Hoje observo o movimento e saio por aí com um cesto de palha cheio de medalhas para condecorar os responsavéis pelas minhas inspirações.





A gota

Os investigadores pediram a transferência de Marcelo o quanto antes por motivo de segurança até que a investigação fosse concluída. Marcelo era o único preso remanescente no local.

Álvaro chegou em seu apartamento quase ao meio-dia, sentou-se no sofá e abriu uma garrafa de cerveja. Um pensamento visitou a sua mente: “será que pode ter algo a ver com aquele p…, não, não posso estar pensando tamanha loucura”. Dez minutos depois, Álvaro já estava roncando no sofá. A garrafa de cerveja ficou metade cheia.

A mancha de sangue que ficou impregnada na jaqueta de Álvaro quando ele encostou no corpo de João começou a tomar conta de todas as vestimentas dele. Álvaro acordou com a sensação de estar sendo esmagado por uma prensa hidráulica. As roupas ensanguentadas começaram a pressionar o corpo até o carcereiro ter o privilégio de sentir todos os seus ossos se esmigalhando até virar centenas de pequenos punhais dentro do corpo. O carcereiro de 51 anos estava morto.

Ao perceberem a falta de Álvaro no trabalho à noite, o guarda Alex foi chamado às pressas para cobrir o turno.
Marcelo estava deitado no chão, ele não pregava o olho há duas noites. Por volta das 3h da madrugada, “ela” começou a saltitar dentro do cérebro de Marcelo. Parecia que algo estava dançando dentro da cabeça do infeliz prisioneiro. Ele acordou no mesmo instante e começou a coçar desesperadamente a cabeça. Chegou até a batê-la contra a parede. Uma coceira “incoçável” deve ser uma das piores sensações humanas.
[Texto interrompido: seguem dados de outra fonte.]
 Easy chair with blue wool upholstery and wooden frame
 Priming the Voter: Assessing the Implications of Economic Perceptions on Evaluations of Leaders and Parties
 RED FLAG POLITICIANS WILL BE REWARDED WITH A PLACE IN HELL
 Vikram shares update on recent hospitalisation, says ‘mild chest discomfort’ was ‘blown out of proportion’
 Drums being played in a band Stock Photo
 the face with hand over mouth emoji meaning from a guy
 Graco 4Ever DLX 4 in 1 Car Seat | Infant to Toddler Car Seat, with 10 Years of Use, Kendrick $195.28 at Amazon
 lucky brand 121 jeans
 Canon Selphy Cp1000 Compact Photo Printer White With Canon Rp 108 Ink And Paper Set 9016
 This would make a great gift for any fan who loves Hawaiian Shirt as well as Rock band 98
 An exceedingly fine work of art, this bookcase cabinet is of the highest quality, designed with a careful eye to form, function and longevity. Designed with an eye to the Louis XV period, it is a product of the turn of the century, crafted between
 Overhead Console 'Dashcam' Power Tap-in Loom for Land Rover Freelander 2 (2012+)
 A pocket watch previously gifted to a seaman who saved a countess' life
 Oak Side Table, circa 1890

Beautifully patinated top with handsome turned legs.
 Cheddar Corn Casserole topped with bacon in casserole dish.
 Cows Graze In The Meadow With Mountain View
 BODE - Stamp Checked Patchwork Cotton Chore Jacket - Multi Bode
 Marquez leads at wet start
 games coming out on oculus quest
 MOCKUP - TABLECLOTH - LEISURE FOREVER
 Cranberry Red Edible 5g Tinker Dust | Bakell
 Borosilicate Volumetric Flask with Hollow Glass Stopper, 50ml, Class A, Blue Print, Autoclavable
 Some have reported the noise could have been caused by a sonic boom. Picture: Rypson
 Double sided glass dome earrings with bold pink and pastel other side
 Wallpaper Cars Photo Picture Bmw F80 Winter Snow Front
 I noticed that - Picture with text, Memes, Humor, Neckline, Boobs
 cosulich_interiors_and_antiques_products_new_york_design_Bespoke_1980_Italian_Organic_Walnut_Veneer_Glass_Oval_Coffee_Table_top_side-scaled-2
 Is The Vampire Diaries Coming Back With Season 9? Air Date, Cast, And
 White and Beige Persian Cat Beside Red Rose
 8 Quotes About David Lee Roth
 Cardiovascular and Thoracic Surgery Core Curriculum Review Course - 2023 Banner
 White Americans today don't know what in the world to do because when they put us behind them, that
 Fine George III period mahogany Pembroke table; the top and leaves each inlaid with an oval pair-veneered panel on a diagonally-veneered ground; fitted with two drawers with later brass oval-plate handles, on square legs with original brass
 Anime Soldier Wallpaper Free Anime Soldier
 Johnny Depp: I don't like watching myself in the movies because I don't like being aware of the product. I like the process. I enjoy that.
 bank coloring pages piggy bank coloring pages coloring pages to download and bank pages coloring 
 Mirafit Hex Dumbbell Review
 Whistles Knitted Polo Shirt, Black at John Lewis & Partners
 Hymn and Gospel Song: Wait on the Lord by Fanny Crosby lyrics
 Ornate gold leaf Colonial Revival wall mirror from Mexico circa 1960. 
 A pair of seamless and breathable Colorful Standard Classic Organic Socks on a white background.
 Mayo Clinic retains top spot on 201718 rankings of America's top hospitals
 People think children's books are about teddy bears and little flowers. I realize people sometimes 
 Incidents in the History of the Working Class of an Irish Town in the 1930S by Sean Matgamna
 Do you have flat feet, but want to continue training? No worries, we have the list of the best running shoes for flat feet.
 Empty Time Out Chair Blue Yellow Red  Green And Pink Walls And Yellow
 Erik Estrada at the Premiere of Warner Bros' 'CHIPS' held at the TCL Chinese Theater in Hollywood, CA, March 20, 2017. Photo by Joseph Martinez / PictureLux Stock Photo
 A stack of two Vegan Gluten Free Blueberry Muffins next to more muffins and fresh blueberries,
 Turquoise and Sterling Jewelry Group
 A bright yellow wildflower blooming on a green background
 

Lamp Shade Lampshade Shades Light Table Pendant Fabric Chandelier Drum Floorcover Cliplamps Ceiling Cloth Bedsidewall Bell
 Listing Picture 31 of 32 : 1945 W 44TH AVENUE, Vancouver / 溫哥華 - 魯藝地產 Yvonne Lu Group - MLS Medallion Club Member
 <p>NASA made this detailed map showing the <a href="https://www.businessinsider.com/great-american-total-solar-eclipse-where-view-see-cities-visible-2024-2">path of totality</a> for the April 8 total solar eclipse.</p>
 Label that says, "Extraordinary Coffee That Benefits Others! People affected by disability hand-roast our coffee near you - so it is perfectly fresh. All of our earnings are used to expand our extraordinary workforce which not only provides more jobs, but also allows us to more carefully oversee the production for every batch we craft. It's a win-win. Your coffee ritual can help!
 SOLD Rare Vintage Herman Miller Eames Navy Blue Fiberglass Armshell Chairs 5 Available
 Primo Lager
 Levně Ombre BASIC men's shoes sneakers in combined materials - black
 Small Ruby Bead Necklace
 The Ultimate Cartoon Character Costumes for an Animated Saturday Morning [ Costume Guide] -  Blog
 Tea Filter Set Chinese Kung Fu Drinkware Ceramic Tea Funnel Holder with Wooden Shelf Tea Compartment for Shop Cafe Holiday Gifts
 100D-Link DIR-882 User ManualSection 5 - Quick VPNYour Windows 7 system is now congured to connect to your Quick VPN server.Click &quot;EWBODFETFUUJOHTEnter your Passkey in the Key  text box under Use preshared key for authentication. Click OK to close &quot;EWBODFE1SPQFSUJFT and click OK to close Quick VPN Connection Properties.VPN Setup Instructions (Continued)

Marcelo foi chamado para pegar um pouco de sol por volta das 14h. Lá, ele recebeu o aviso de que seria transferido na manhã seguinte. “Tanto faz. Amanhã,a minha cela será uma eterna sala escura”.

Marcelo se encontrava de pé, com as mãos nas grades e olhando para a parede do corredor. Uma súbita falta de energia fez o corredor ficar na mais completa escuridão ao mesmo tempo em que a cela de Marcelo se abriu. Ele saiu desconfiado e se dirigiu até a porta da entrada principal. Ao abrir a porta, ele se deparou com o guarda Alex caído ao lado de uma enorme poça de sangue. O sangue formou algo parecido com uma serpente e foi de encontro a Marcelo. Depois de ter dado 6 passos para trás, ele parou. A serpente de sangue subiu pela parede do corredor e chegou até o teto, fazendo com que as luzes começassem a piscar até voltar ao estado de iluminação normal. O sangue se fixou em formato de um círculo de 2 metros de diâmetro no teto. Por mais que Marcelo não quisesse acreditar no que estava vendo, o círculo começou a descer como uma gosma e, aos poucos, uma enorme cruz de sangue foi se formando ao encontro da cabeça de Marcelo. Com extrema violência, ela cravou-se no meio do crânio e rasgou o corpo de Marcelo ao meio.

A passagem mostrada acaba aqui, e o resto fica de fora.